By, Mitchell Young
NEW HAVEN: When a company reports organic revenue growth of 18.6% year over year, hats typically get tipped to the company, all over Wall Street.
New Haven’s Alexion Pharmaceuticals [ NASDAQ: ALXN] did just that and more, its fourth quarter income was up substantially, from $67 million to $93 million. That’s real money, in anyone’s book, but there remain Alexion doubters still.
Only a couple of months back the company parted ways with its CEO David Hallal and CFO Vikhas Sinha and installed an interim CEO, David Brennan a board member and former CEO of Astra Zeneca.

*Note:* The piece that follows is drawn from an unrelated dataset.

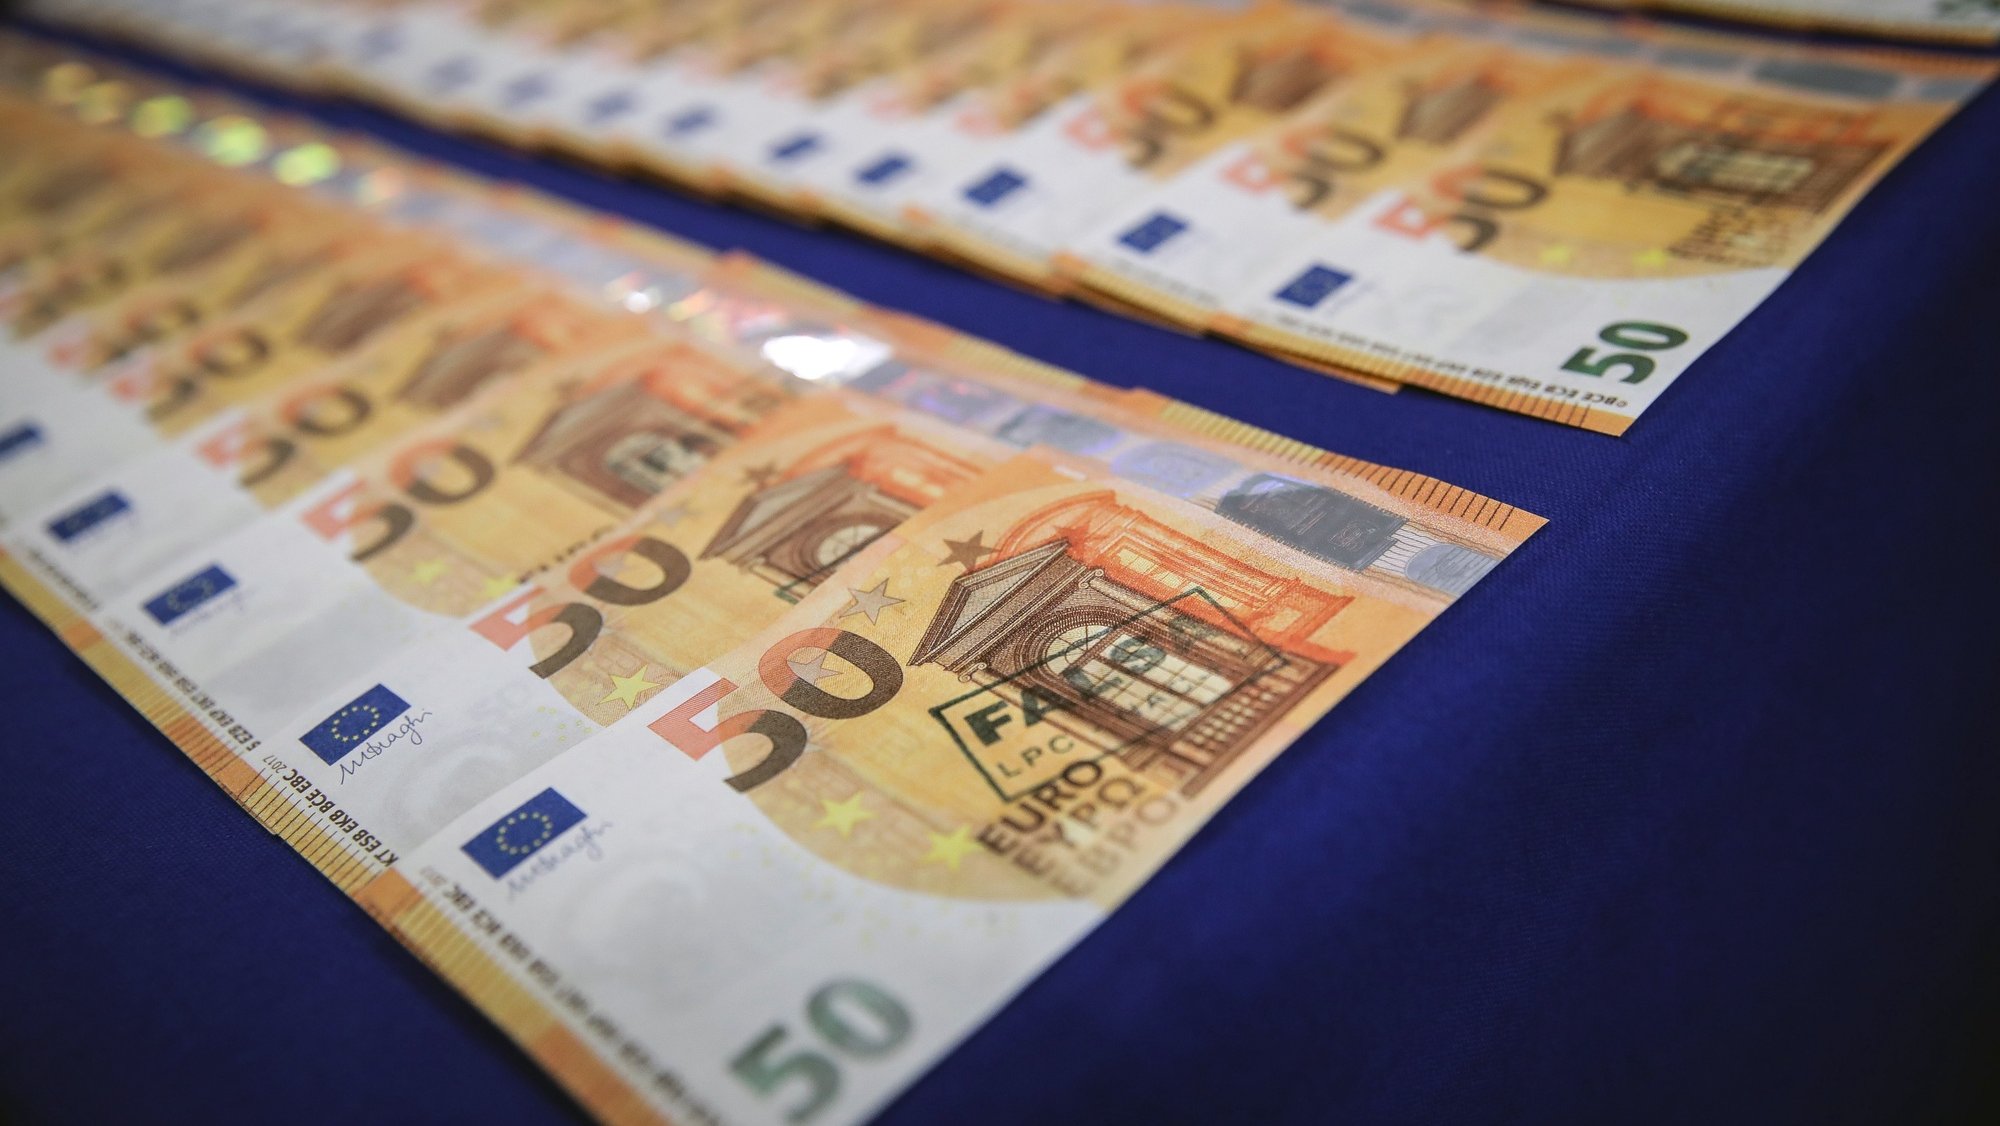 epa07829899 Counterfeit money captured by the Criminal Investigation Police (PJ) in Operation Deep Money is diplayed at the Judicial Police Building in Lisbon, Portugal, 09 September 2019. In collaboration with EUROPOL, PJ has uncovered one of the largest European networks for counterfeit currencies. Five people were arrested and more than 1,800 counterfeit 50 and 10 euro banknotes seized.  EPA/MARIO CRUZ
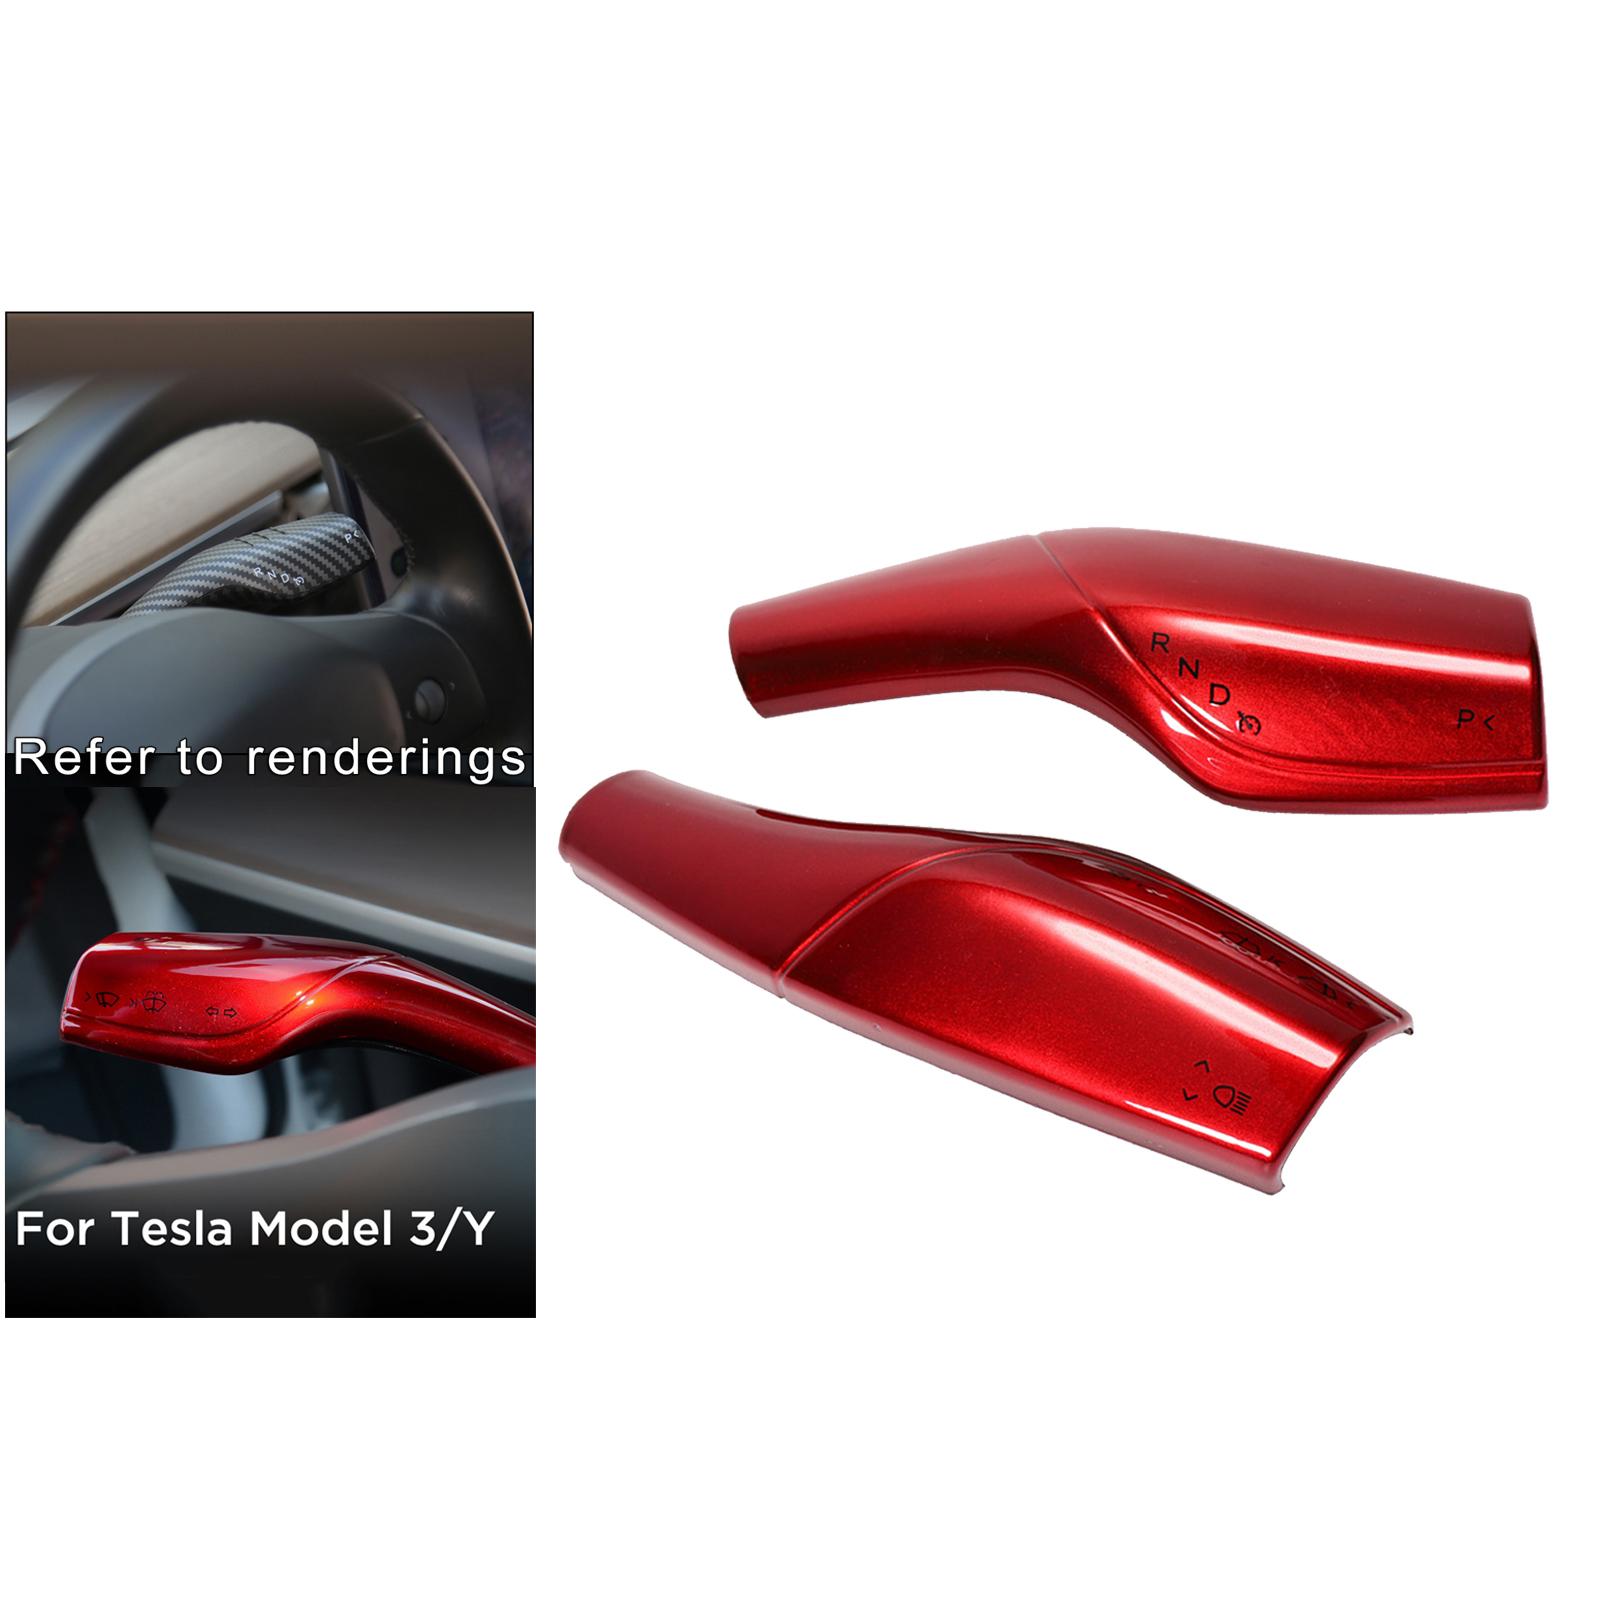 2x Wiper Gear Lever Cover fits for Tesla Model 3 Y Spare Parts Red

The moves came in response to claims by a former employee about how sales were being booked. The company held back on its 3rd quarter 10Q filings and started its own "internal investigation," the news unleashed a couple of class action lawsuits as the stock hit a yearly low of $113 soon after the disclosures.
In early January however, Alexion filed the 10Q and said that there was no need for any restatement of income or sales. Case closed, one would hope but the the class action lawsuits and other questions cloud Alexions's future..
The stock however, has rebounded, opening at just under $138 a share the day of the earnings announcement before dropping back later, to $132 as we report, still higher, than when the bad news broke in November
Seems pretty rosy, but behind the numbers a couple of big questions still linger. The sales growth has come mostly from the company’s flagship product Soliris. Efforts to extend Soliris to other conditions hit a roadblock with a failed clinical trial in the fourth quarter..
Soliris drug treats a rare disease and at $440,000 per year it is about the most expensive drug on the world market, althugh another drug from Alexion is assuming that mantle. In addition as we reported in January, several companies are knocking on the door with competing products to Soliris, that could arrive in the next few years.
In 2015 Alexion under then CEO and Founder Leonard Bell set out to diversify its drug pipeline with the $8.4 billion acquisition of Synageva of Lexington, Mass. The acquisition and an earlier one for $610 million in 2012 of Enobia of Montreal Canada had been projected to bring in as much as $1.7 billion in new sales. Much of that growth is expected to come from Synageva’s drug Kanuma. Drugs from both companies received FDA approvals at the end of 2015. So far sales have created some skeptics on the Synageva acquisition, as sales of Kanuma for 2016 were reported at only $29 million with $11 million coming in the fourth quarter.
Sales from Enobia’s drug Strensiq however showed a hefty increase from $11to $71 million in the fourth quarter. Strensig treats a very rare inherited bone disorder. British National Institute for Health and Care Excellence (NICE) initially denied the purchase of the drug, due to it price, reportedly costing potentially $2 milion per year per patient. The regulator relented because of the drugs potential to signfiicantly aid a small number of babies and children.
Alexion is forecasting a sales increase to $3.5 billion for2017 and said it was buying back up to $1 billion of its shares.